WHAT TO WORK ON ▸ Images should be omitted while the rest of the data is duplicated exactly.

DATA SEGMENT ▸
++++

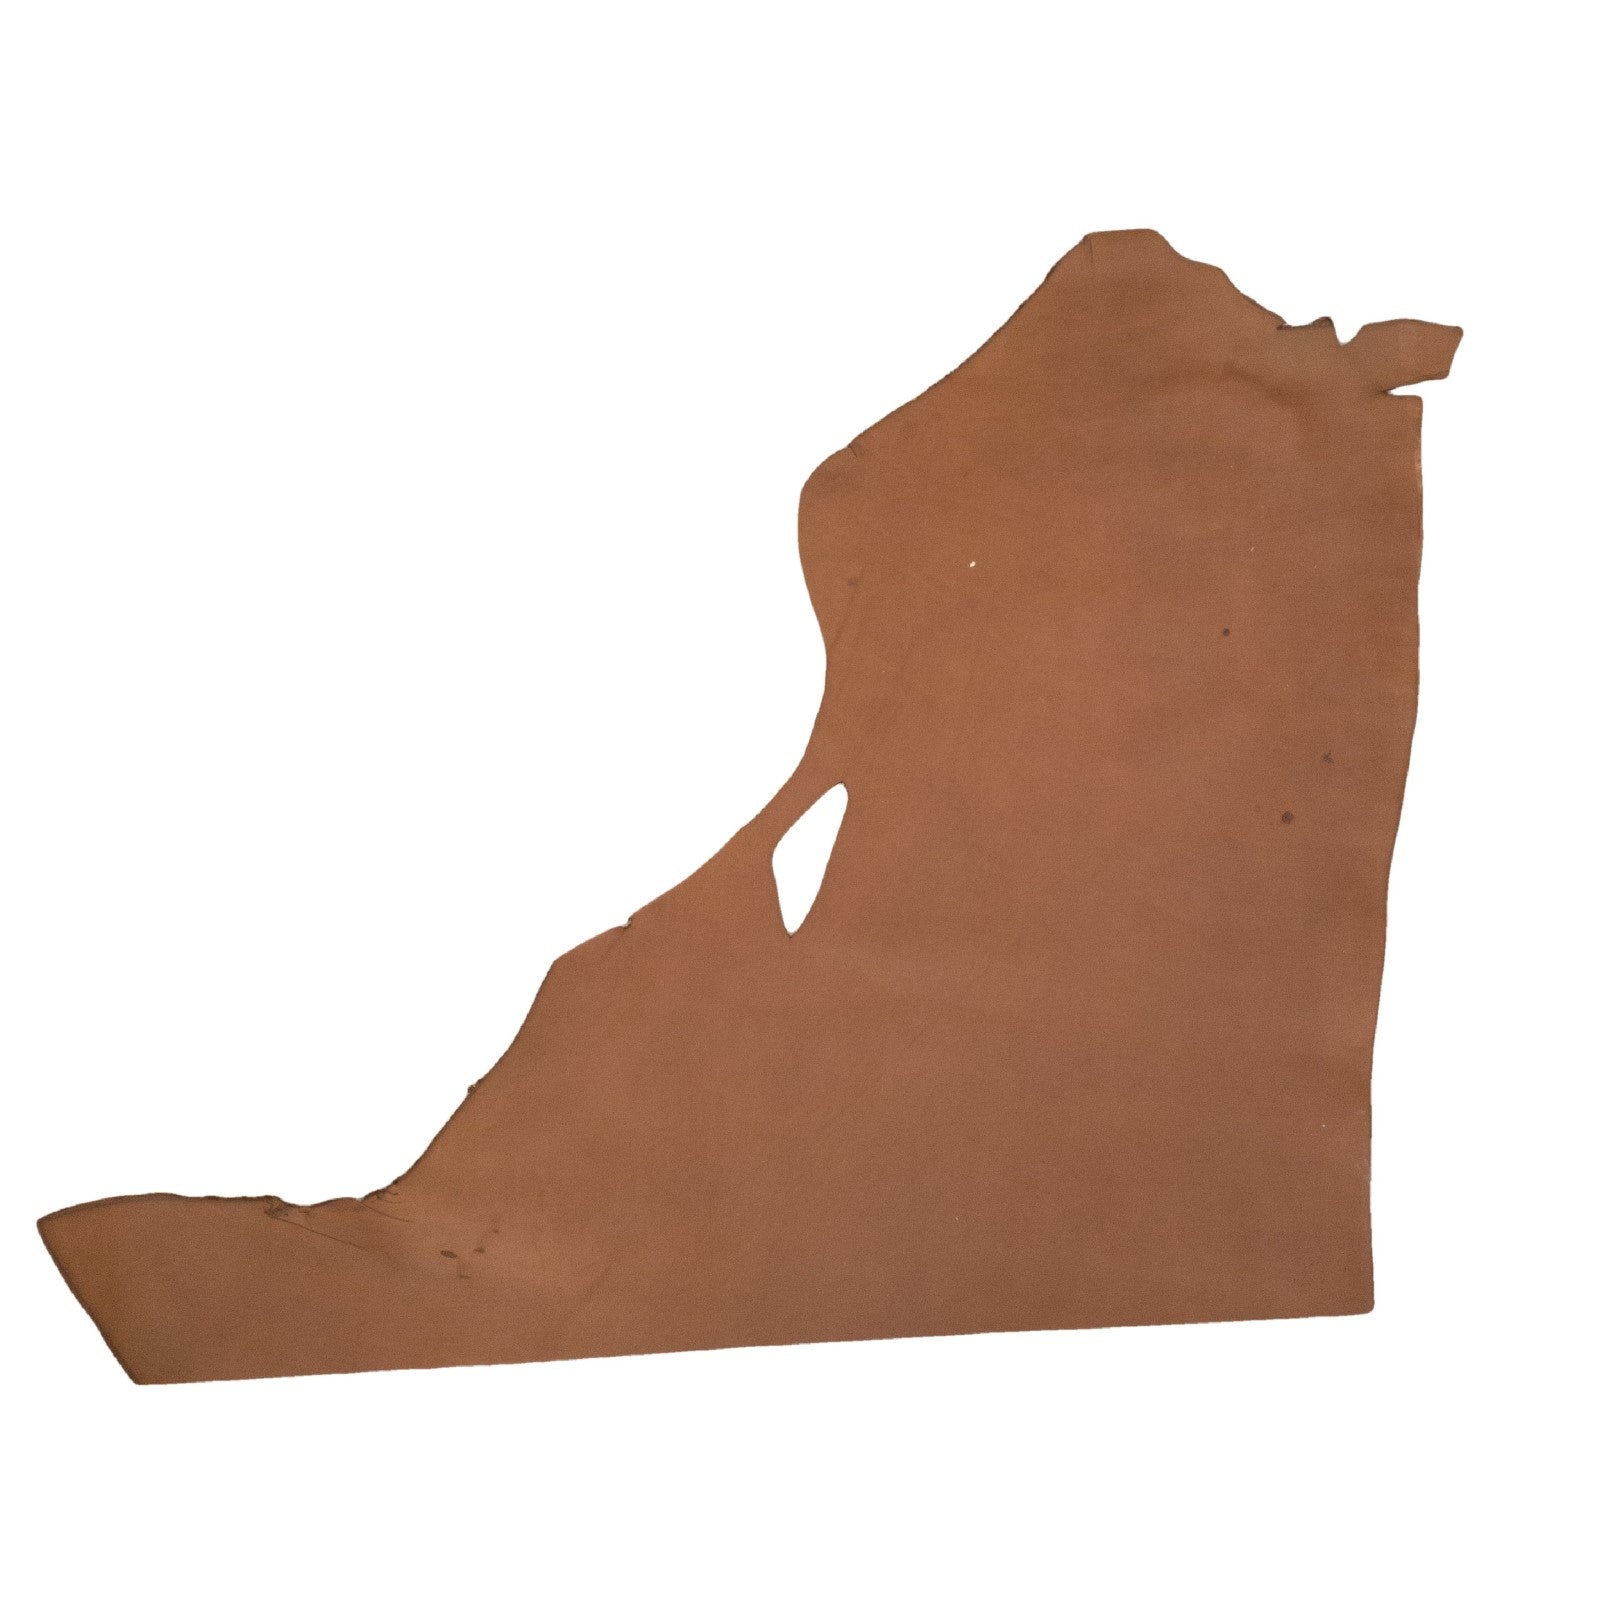 Dove (Red Brown), SB Foot, Non-stock, 3-4oz, Oil Tanned Hides, Top Piece / 6.5 - 7.5 Sq Ft | The Leather Guy
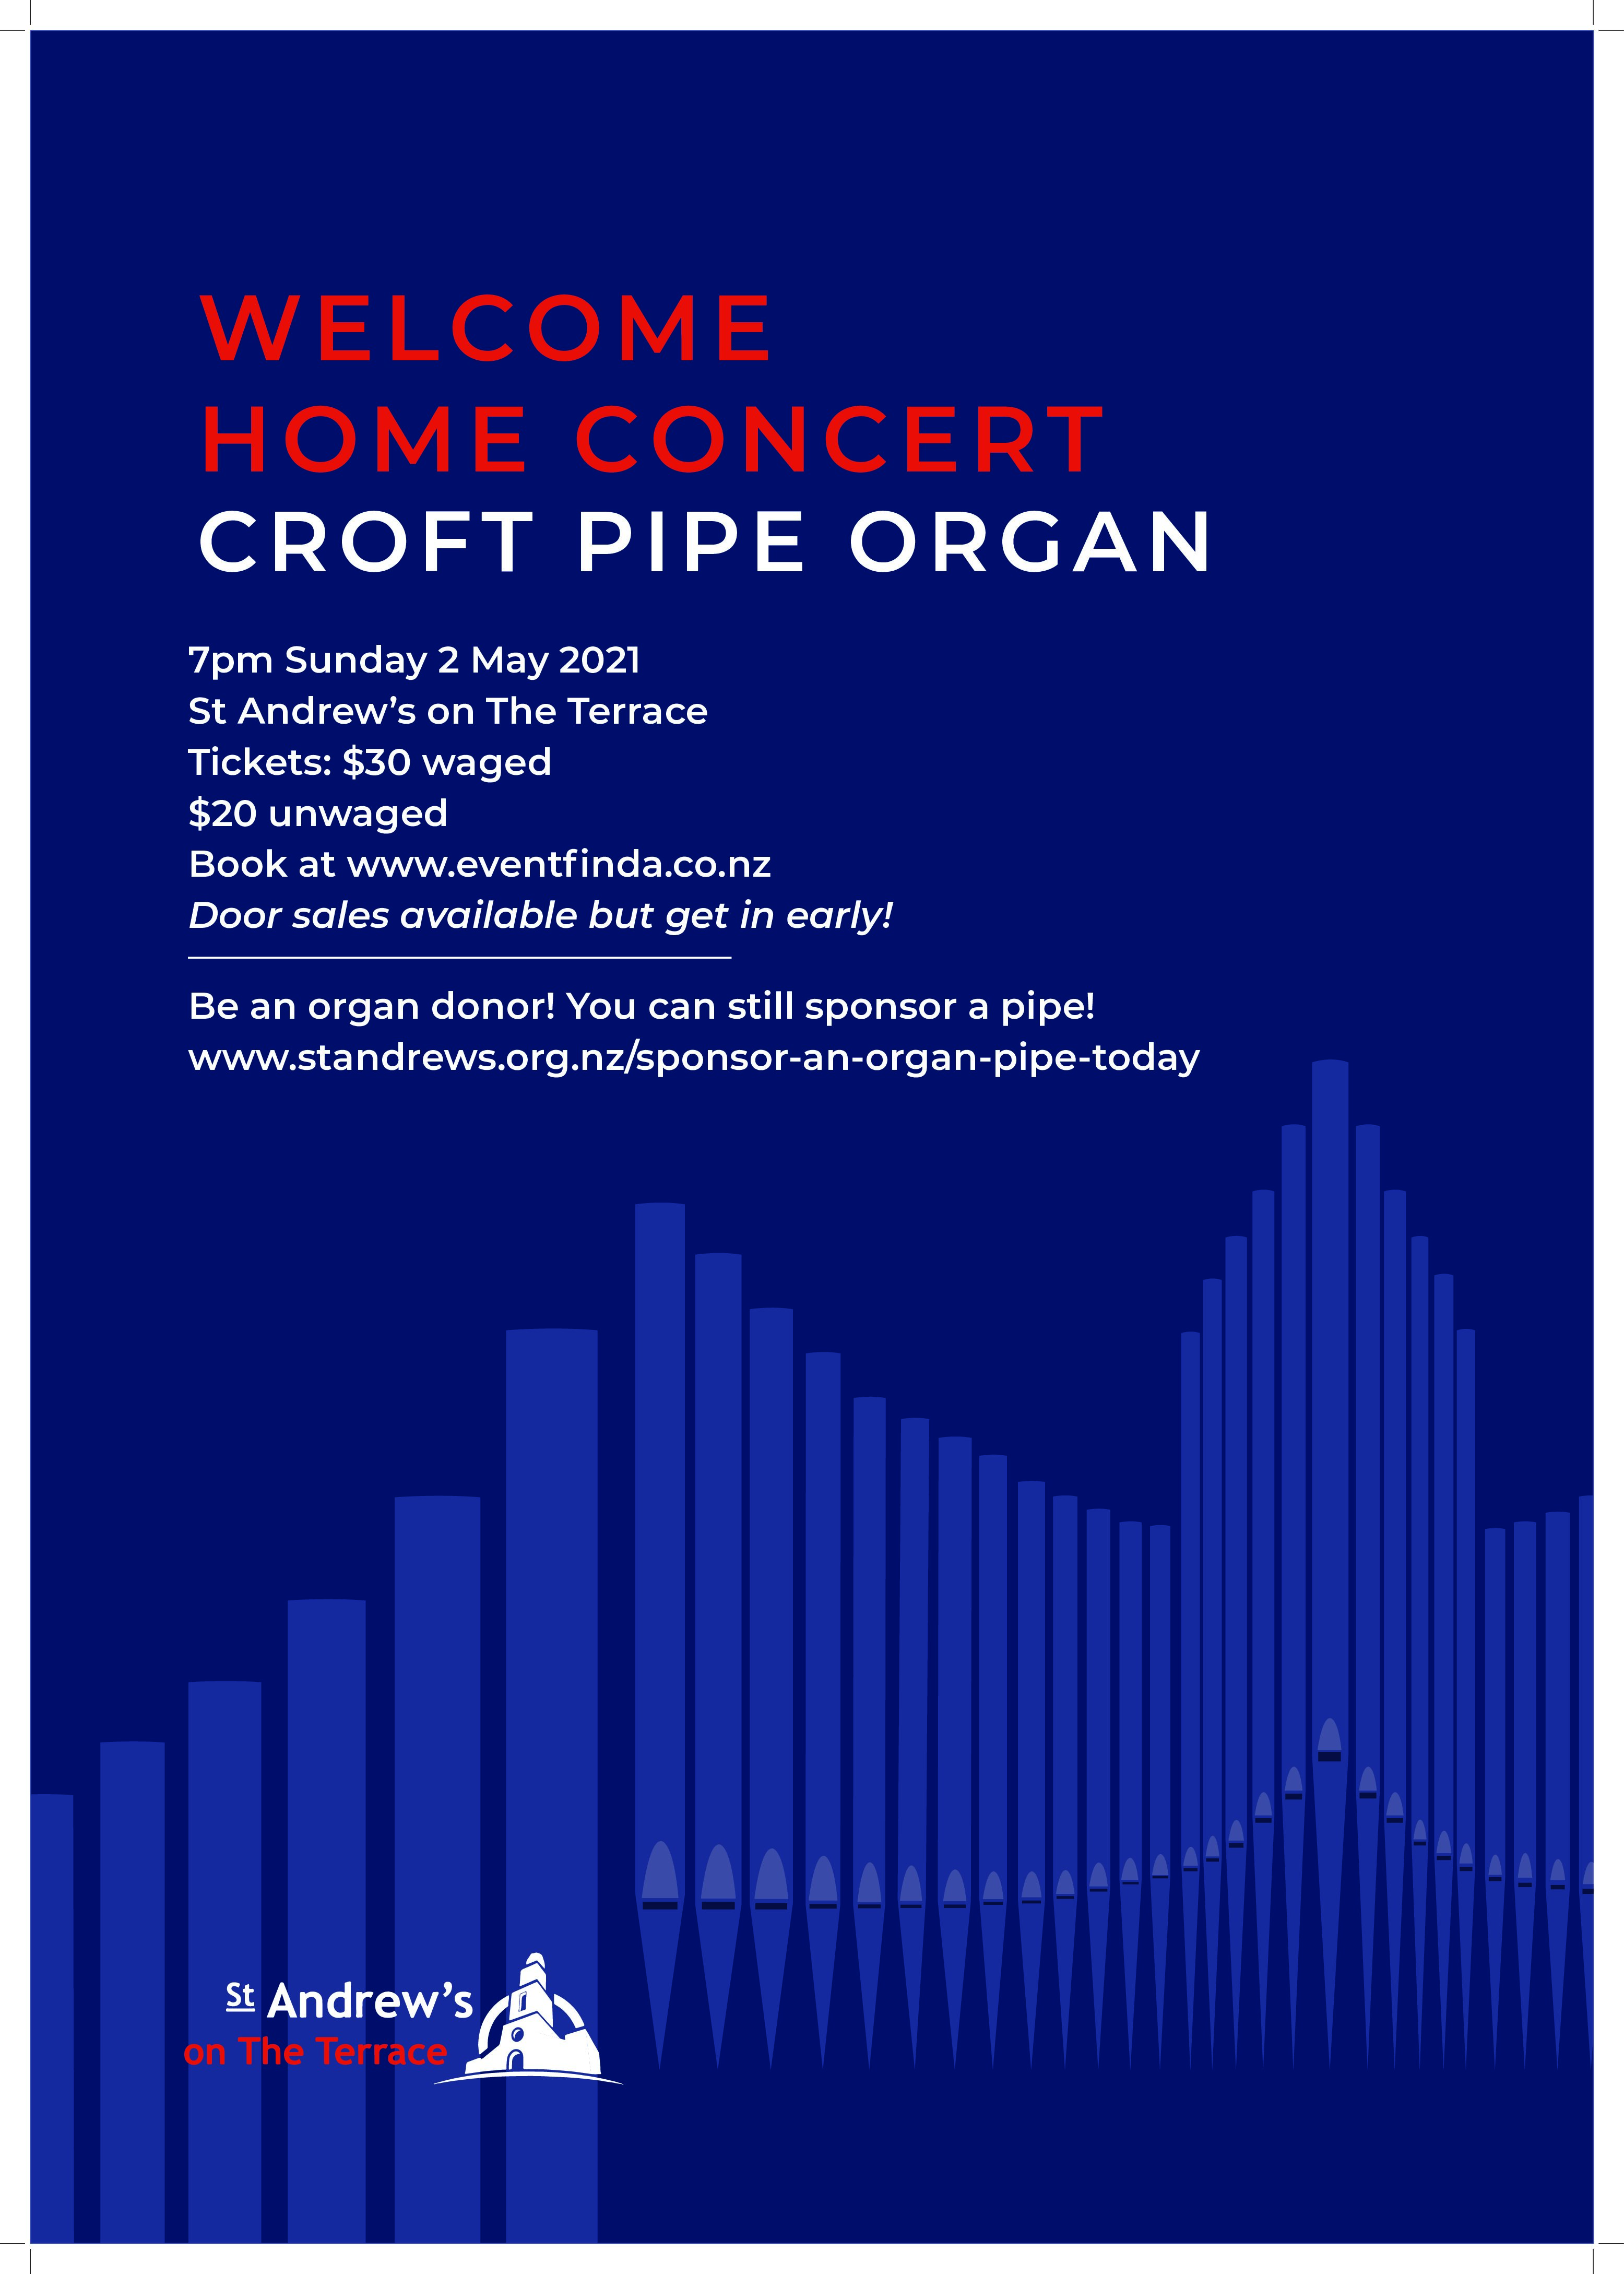 Welcome Home Concert – Croft Pipe Organ
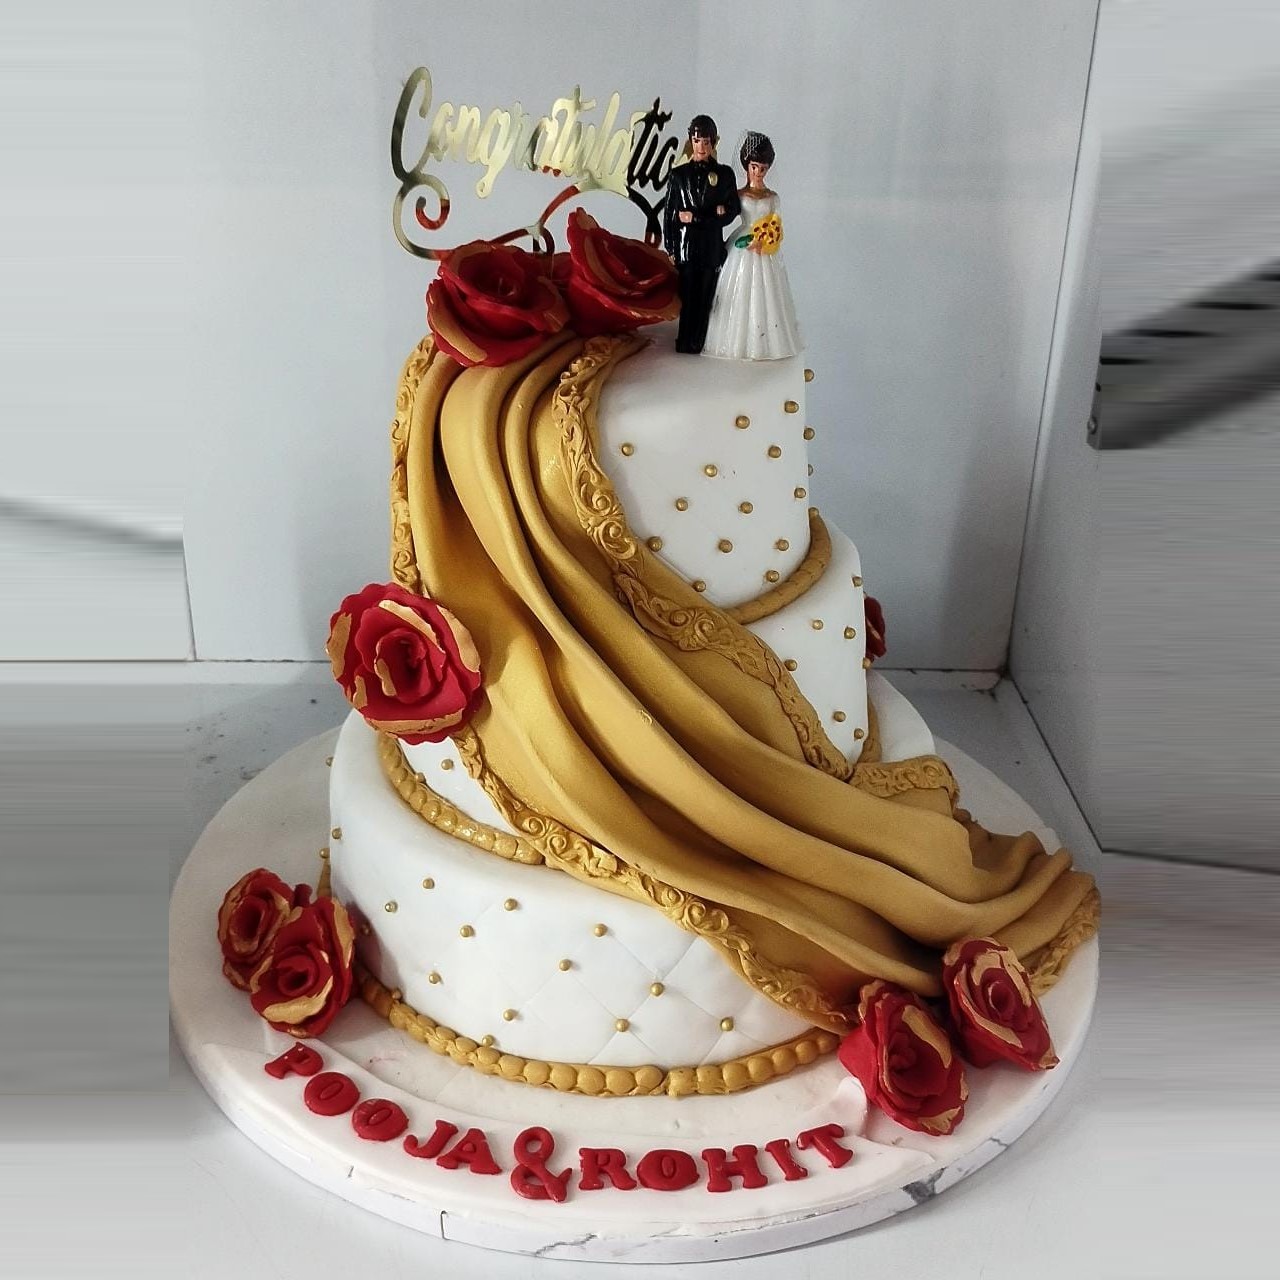 10 Traditional Cakes from Around The World | Times of India

++++

ANSWER AREA ▸
 Dove (Red Brown), SB Foot, Non-stock, 3-4oz, Oil Tanned Hides, Top Piece / 6.5 - 7.5 Sq Ft | The Leather Guy
 Welcome Home Concert – Croft Pipe Organ
 10 Traditional Cakes from Around The World | Times of India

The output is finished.